Obama Commutes Prison Terms of 8, Making Strong Statement About Crack Sentencing Disparities

President Obama lifted the spirits of prison reform advocates by granting a holiday gift to eight convicted drug offenders, commuting their prison terms and in the process making a strong statement against the mandatory minimum sentences and disproportionately harsh prison terms for crack cocaine charges that have locked up a generation of Black men.

Over the last several years the Obama administration has made efforts to address the sentencing disparities, but advocates say he has not done enough. As pointed out by the Daily Beast, at the same point in his presidency George W. Bush had pardoned or given clemency to 70 people, compared to Obama’s 40. 

While studies have shown that blacks and whites use drugs in roughly the same proportions, numerous studies have shown that blacks are much more likely to be sent to prison for possession.

Yesterday’s move by Obama was the first time retroactive relief was provided to a group of inmates who would most likely have received significantly shorter terms if they had been sentenced after the rules changed in 2010.

The president issued a statement saying each of the eight men and women had been sentenced under what is now recognized as an “unfair system,” including a 100-to-1 sentencing disparity between crack and powder cocaine offenses that was significantly reduced by the Fair Sentencing Act of 2010.

“If they had been sentenced under the current law, many of them would have already served their time and paid their debt to society,” Obama said. “Instead, because of a disparity in the law that is now recognized as unjust, they remain in prison, separated from their families and their communities, at a cost of millions of taxpayer dollars each year.”

The organization Families Against Mandatory Minimums says roughly 8,800 federal inmates are serving time for crack offenses committed before Congress reduced mandatory minimum sentences in 2010.

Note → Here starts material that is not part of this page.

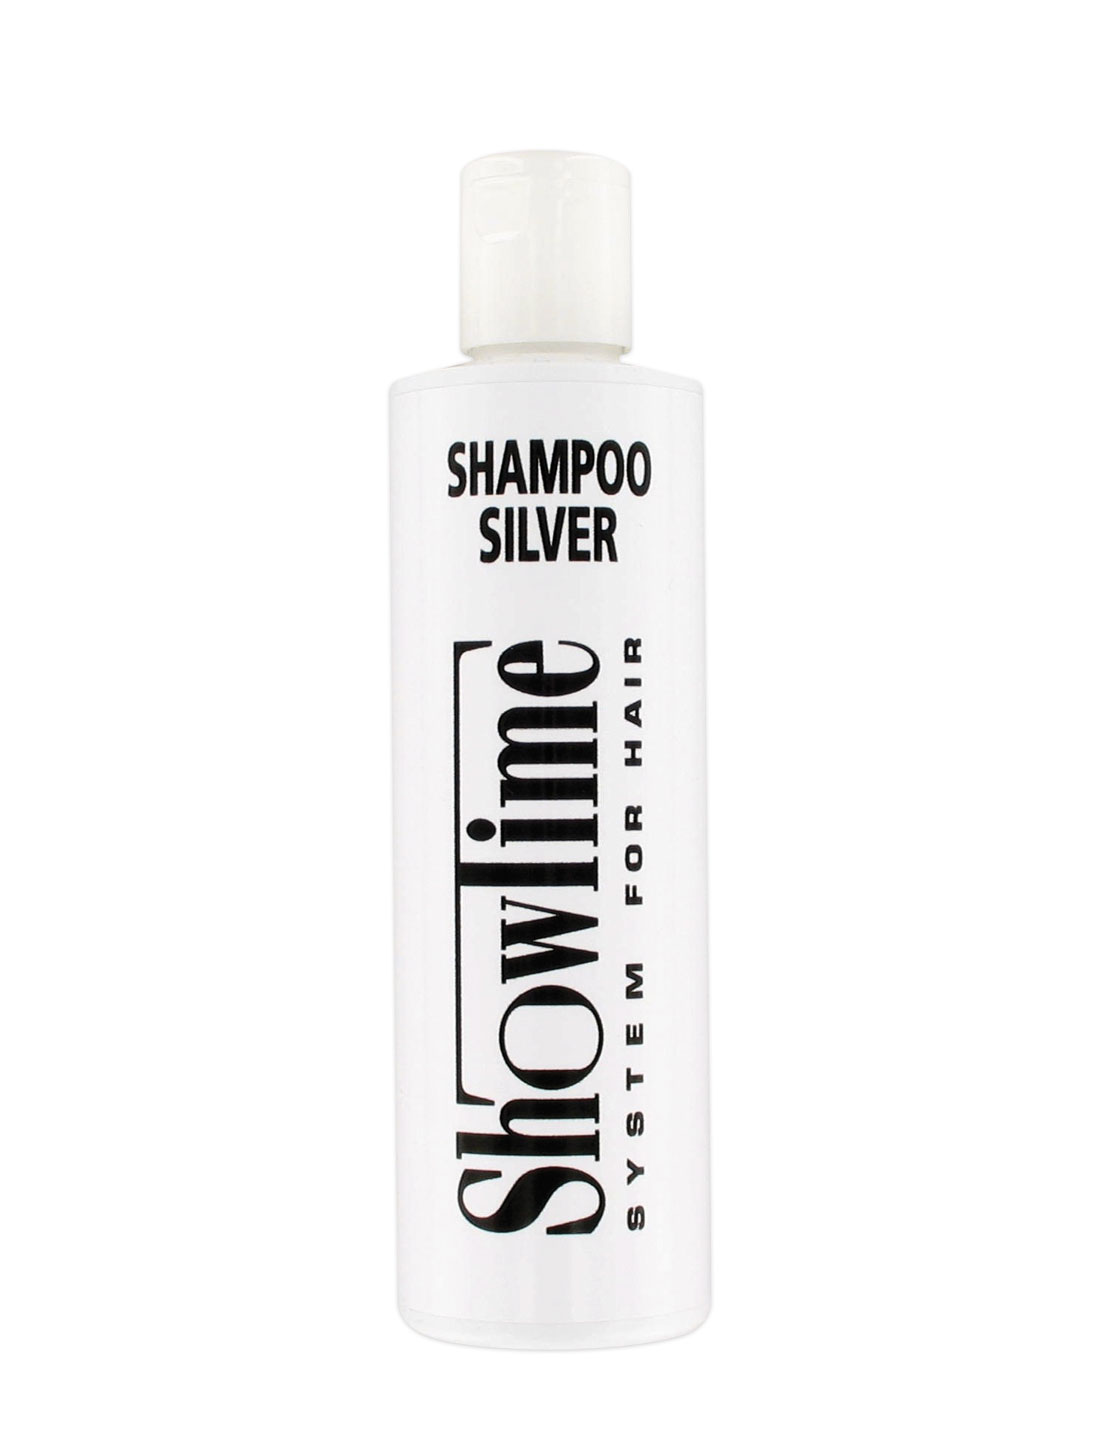 Silver shampoo Showtime
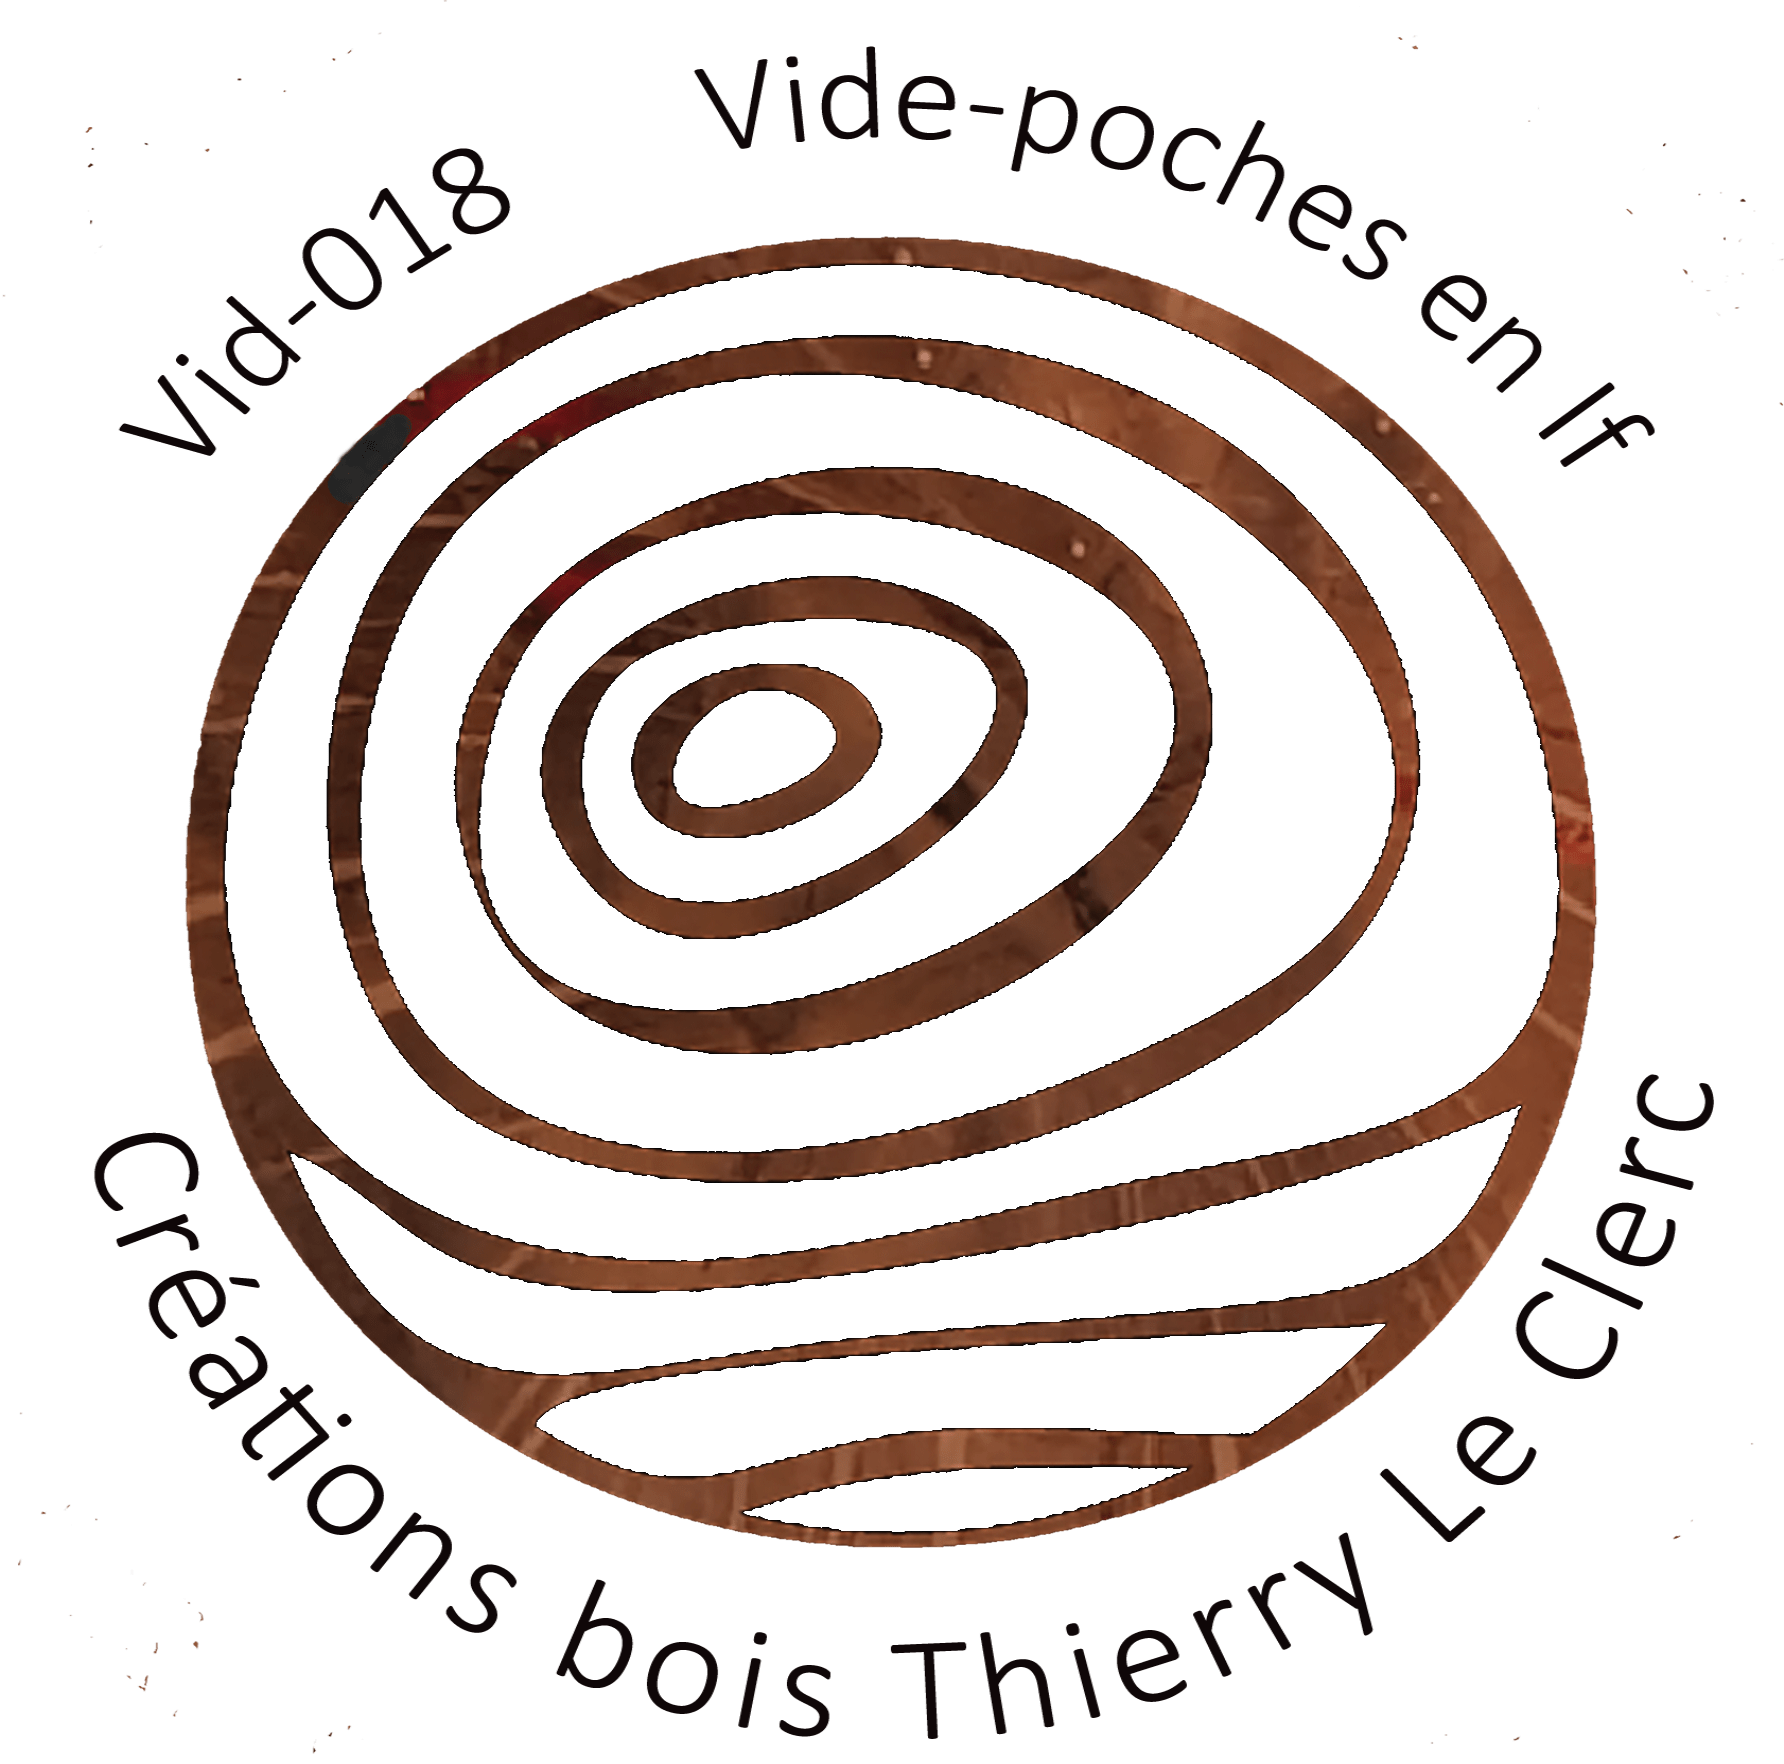 Vide-poches en If réf Vid-018 logo

A significant move was made by the administration in August, when Attorney General Eric H. Holder Jr. announced that he would direct federal prosecutors not to automatically seek mandatory minimum sentences for low-level, nonviolent drug offenders.

“Commuting the sentences of these eight Americans is an important step toward restoring fundamental ideals of justice and fairness,” Obama said. “But it must not be the last. In the new year, lawmakers should act on the kinds of bipartisan sentencing reform measures already working their way through Congress.”

Yesterday’s move involved prisoners who already had served at least 15 years in prison—six of the eight had been sentenced to life. The plight of several of them had become a cause celebre.

Obama previously had commuted only one sentence in his five years in office and has mostly pardoned people who have already served their sentences. According to Justice Department statistics, Obama had received 8,576 petitions for clemency by Dec. 1.

“Considering in his first five years in office he granted only one commutation, I suppose we should be thrilled that he granted eight,” said Julie Stewart, president of Families Against Mandatory Minimums. “But considering the number of people in prison who are serving excessive sentences, this is a drop in the bucket.”

One of those whose sentence was commuted was the first cousin of Massachusetts Gov. Deval Patrick, allowing the release of a man who in 1994 was given a life sentence on charges of dealing crack cocaine.

While Patrick said that he does not recall ever meeting his first cousin Reynolds Allen Wintersmith Jr., 39 of Rockford, Ill., and had no involvement in his application for clemency, the case would naturally draw much scrutiny because of Patrick’s closeness to Obama.

“There’s a significant age gap between the two, and the governor has no recollection of having met Mr. Wintersmith,” said Patrick’s spokeswoman Jesse Mermell. “Gov. Patrick had no involvement in any application for a commutation of Mr. Wintersmith.”

Wintersmith, whose case had been profiled in the Chicago Tribune and the New York Times and pushed by the American Civil Liberties Union, joined a drug ring when he was 17, and he was arrested when he was 19. Advocates for his release said he was the only juvenile, first-time offender in the country serving a mandatory federal life sentence for a nonviolent drug offense.

“I have spent over half of my life in federal prison,” Wintersmith wrote in a blog post put on the ACLU website on Monday. “I have been gone from a world that witnessed the advent of smartphones, digital cameras, and GPS technology. More personally, I have been gone from my family. I have missed 20 years of graduations, funerals, and carved turkeys for the holidays. For my very first conviction, I paid with the entire balance of my freedom.”